> [Requirement] Starting at the first line of the material below, retype each line exactly until you reach the line with "NAPAPIJRI Jeans L-SCANDI", which is also included; pictures stay out.

> [Recorded data]
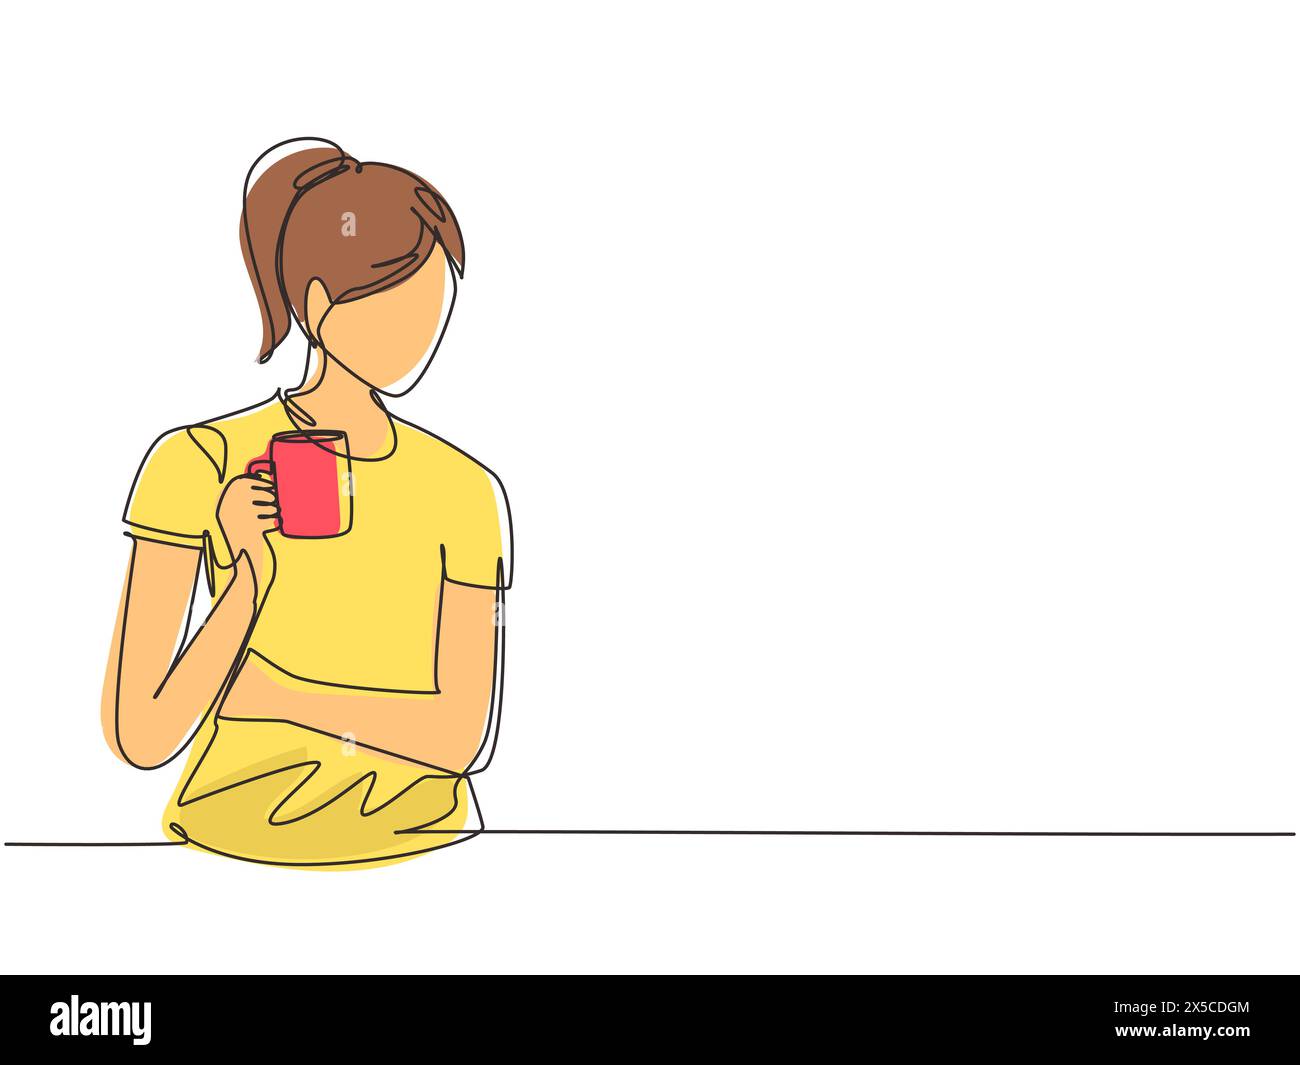 Linea singola continua che disegna una bella donna che si rilassa bevendo e guarda una tazza di caffè o tè caldo. Una ragazza carina si sente felice di fare colazione Illustrazione Vettoriale
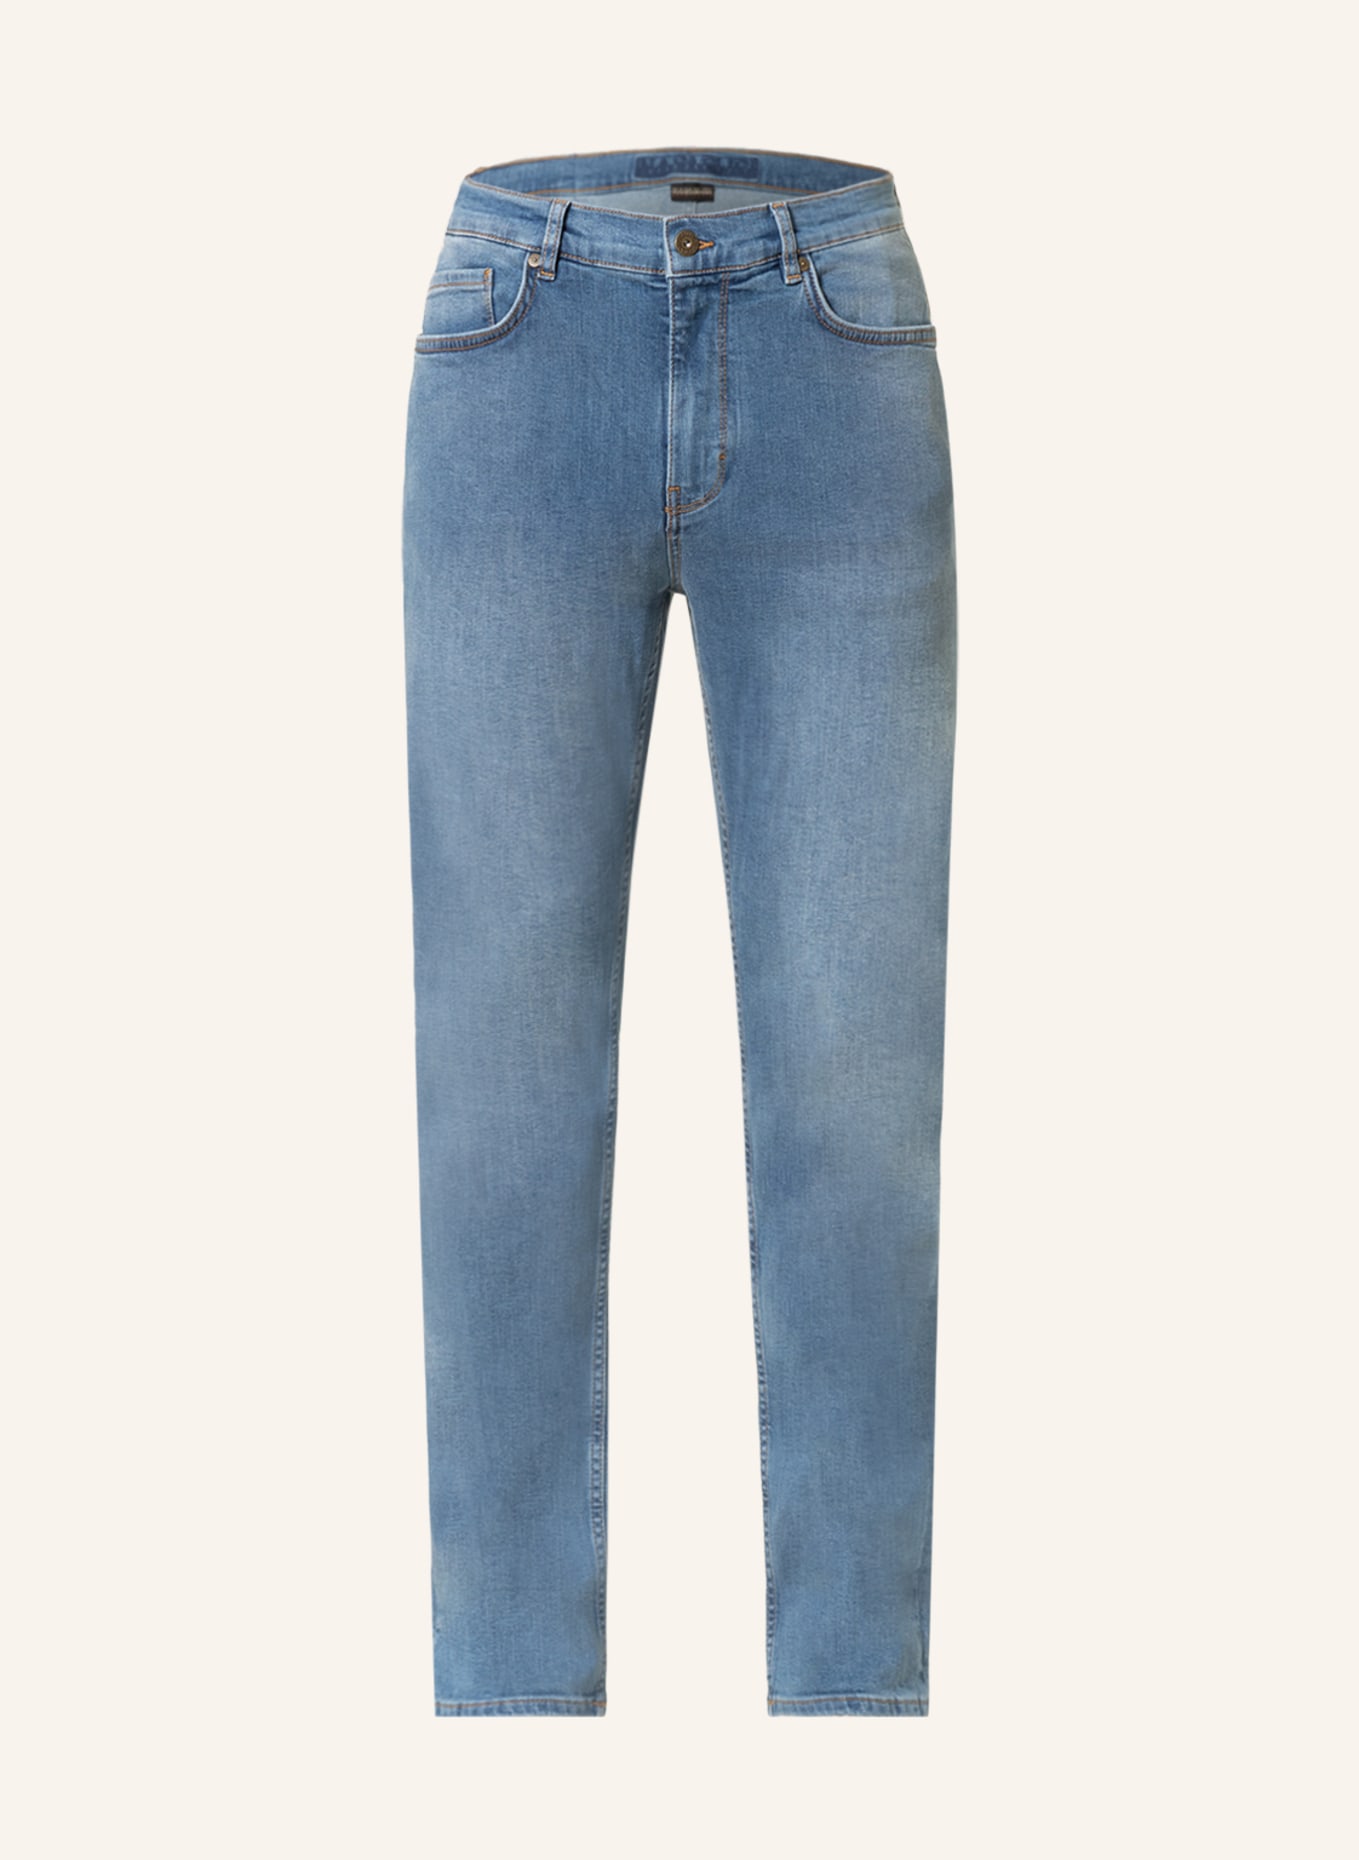 NAPAPIJRI Jeans L-SCANDI regular fit, Color: D90 MEDIUM BLU D90 (Image 1)
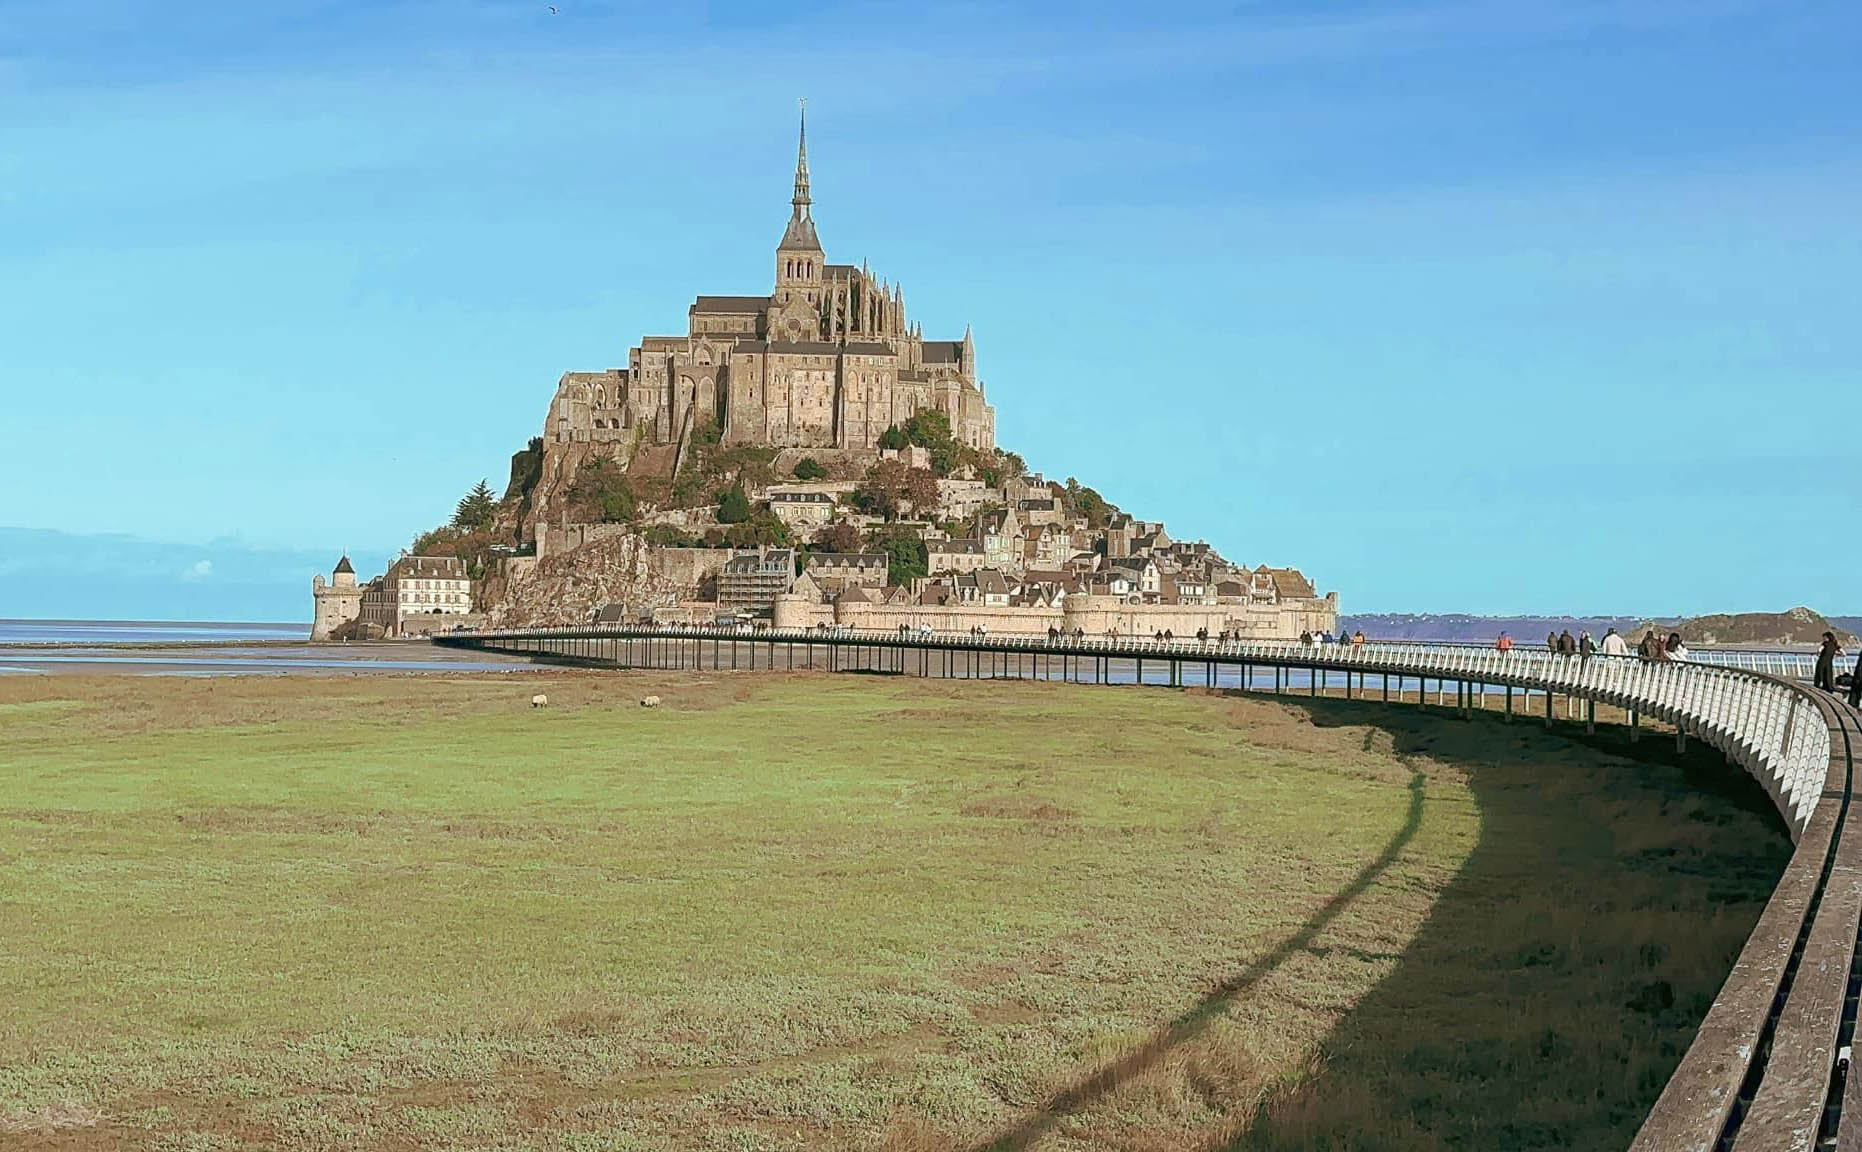 Tu viện cổ kính 1000 năm tuổi nằm giữa biển ở Pháp
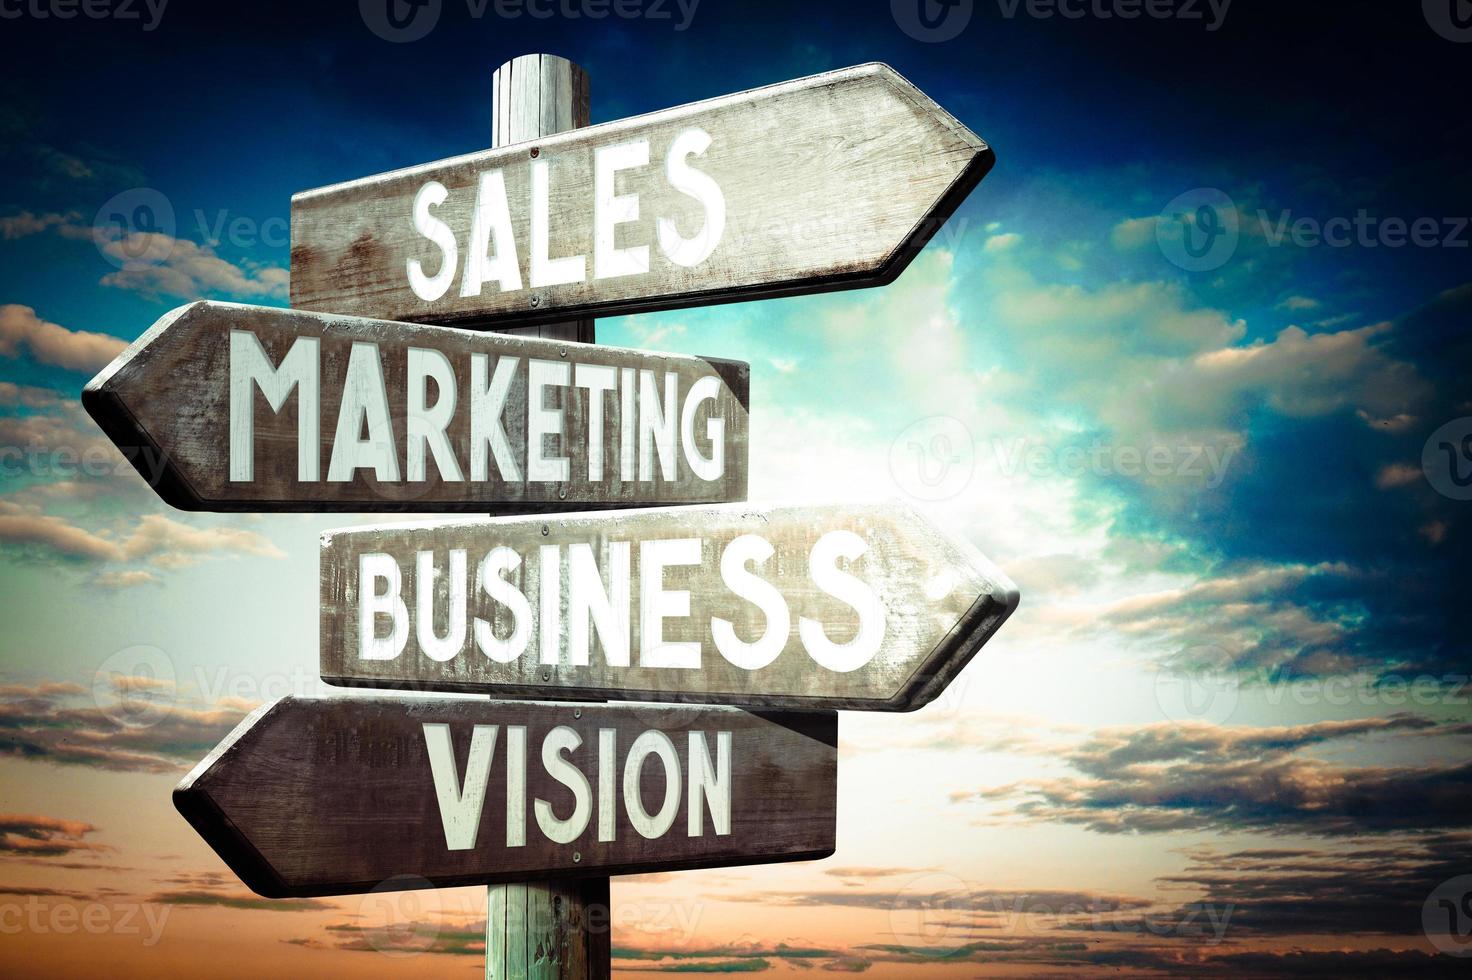 Verkauf, Marketing, Geschäft, Vision - - hölzern Wegweiser mit vier Pfeile, Sonnenuntergang Himmel im Hintergrund foto

> [Response box]
 Linea singola continua che disegna una bella donna che si rilassa bevendo e guarda una tazza di caffè o tè caldo. Una ragazza carina si sente felice di fare colazione Illustrazione Vettoriale
 NAPAPIJRI Jeans L-SCANDI regular fit, Color: D90 MEDIUM BLU D90 (Image 1)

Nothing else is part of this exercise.